School of Civil Engineering and Transportation, South China University of Technology, No.381, Wushan Road, Guangzhou, Guangdong, China; Guangdong Institute of Intelligent Manufacturing, Guangzhou, China.
School of Civil Engineering and Transportation, South China University of Technology, No.381, Wushan Road, Guangzhou, Guangdong, China.
J Mech Behav Biomed Mater. 2018 Sep;85:181-187. doi: 10.1016/j.jmbbm.2018.06.004. Epub 2018 Jun 5.

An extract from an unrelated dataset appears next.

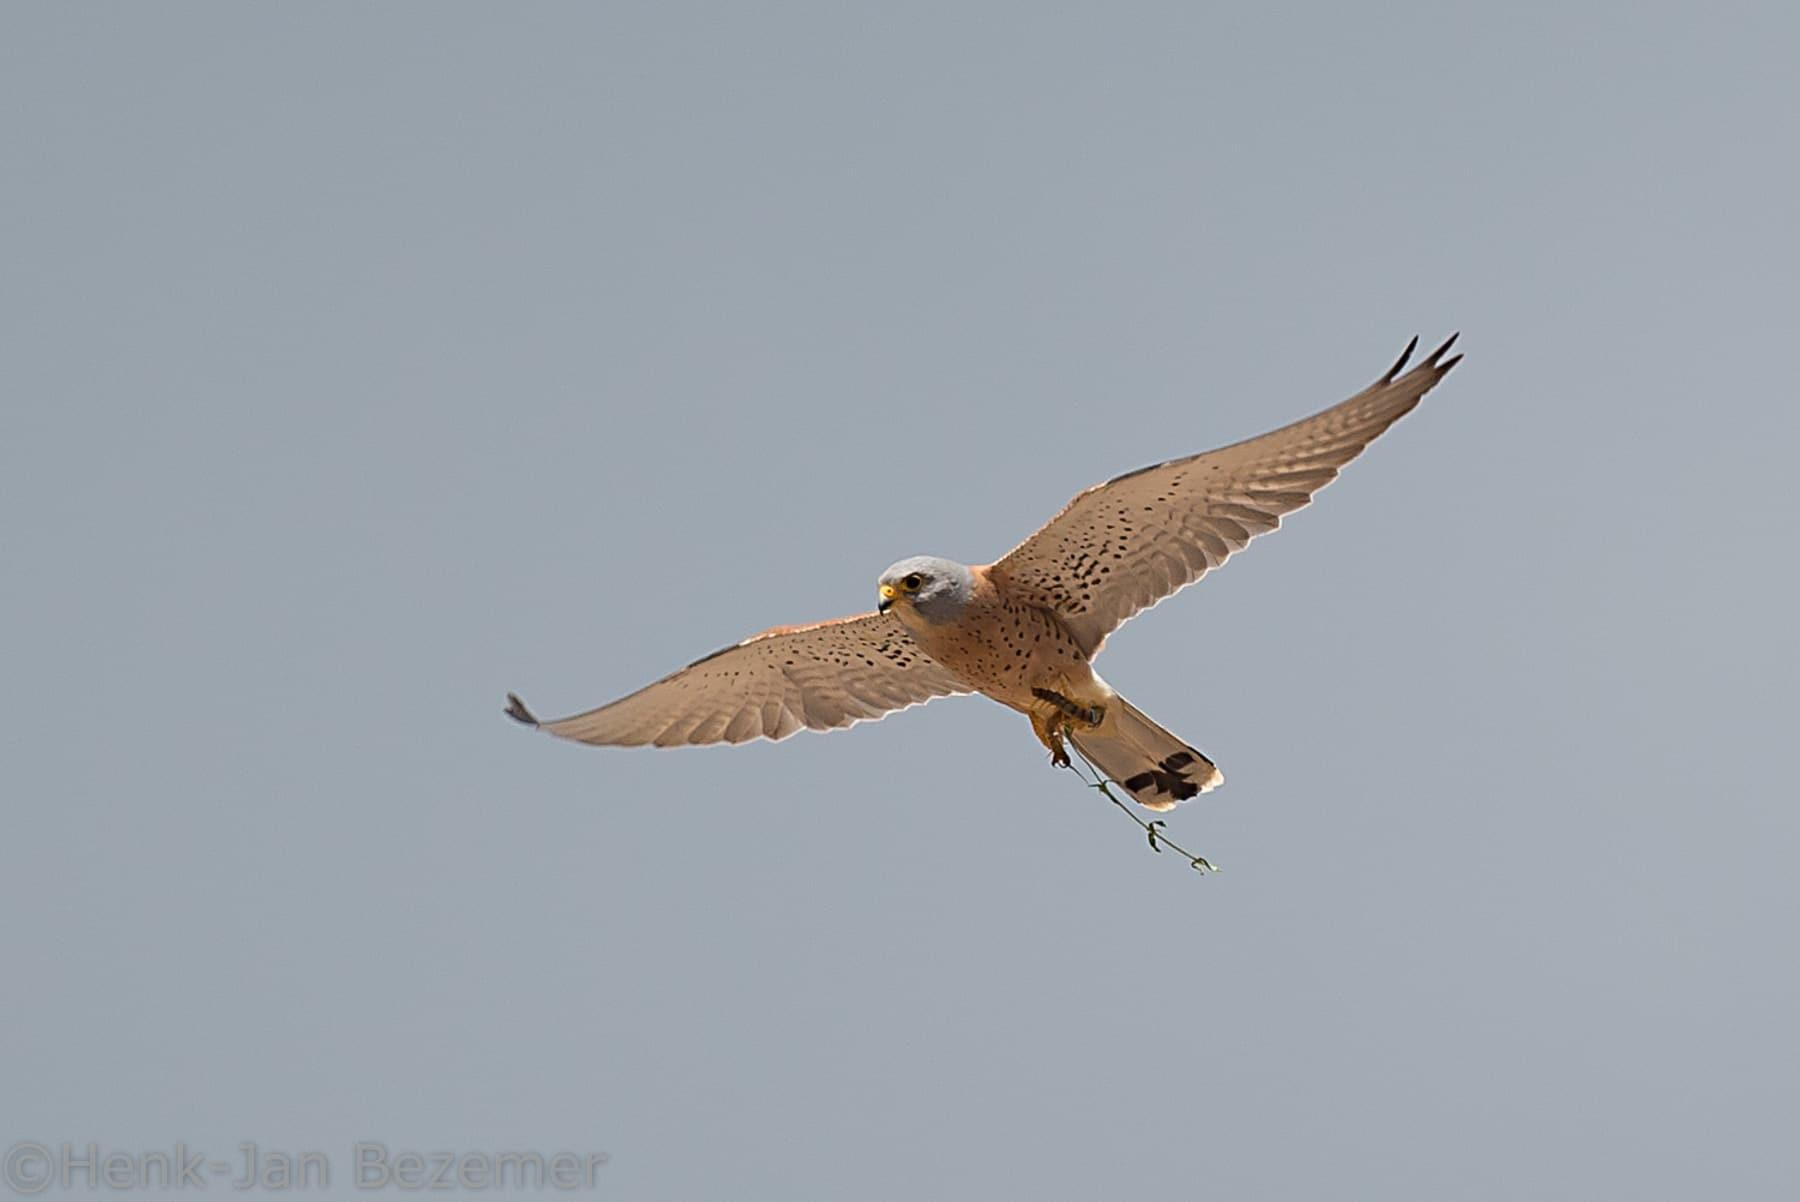 Kleine torenvalk (Falco naumanni)

For high-water content hydrogels in compression, the water inside of hydrogels contributes to the response of hydrogels to external loads directly, but part of the water is expelled from hydrogels in the meantime to change the volume of the hydrogel and reduce the contribution. In order to consider the contribution of the water in the constitution equation, PVA (polyvinyl alcohol) hydrogels with high-water content were used as examples, and compressive experiments were carried out to measure both the stress-strain relation and the change of the volume in the meantime. By considering the effect of the difference of the contribution of water in different directions of the hydrogel, we deduced a new constitutive equation, which can pretty well depict the stress-strain of hydrogels with different water contents. The results showed that the contribution of water to the total stress increases with the compression strain and even exceed that of the polymer, although the expelled water reduces the contribution at the early loading stage, which well explains the difference of elastic moduli of hydrogels in compression and tension.
对于高含水量水凝胶在压缩过程中,水凝胶内部直接有助于水凝胶对外部负载的响应,但同时部分水凝胶中的水被挤出,以改变水凝胶的体积并降低贡献。为了在本构方程中考虑水的贡献,以高含水量的 PVA(聚乙烯醇)水凝胶为例,同时进行压缩实验以测量应力-应变关系和体积的变化。通过考虑水在水凝胶不同方向上的贡献差异的影响,我们推导出了一个新的本构方程,该方程可以很好地描述具有不同含水量的水凝胶的应力-应变关系。结果表明,尽管在早期加载阶段挤出的水会降低贡献,但水对总应力的贡献随着压缩应变的增加而增加,甚至超过了聚合物的贡献,这很好地解释了水凝胶在压缩和拉伸时弹性模量的差异。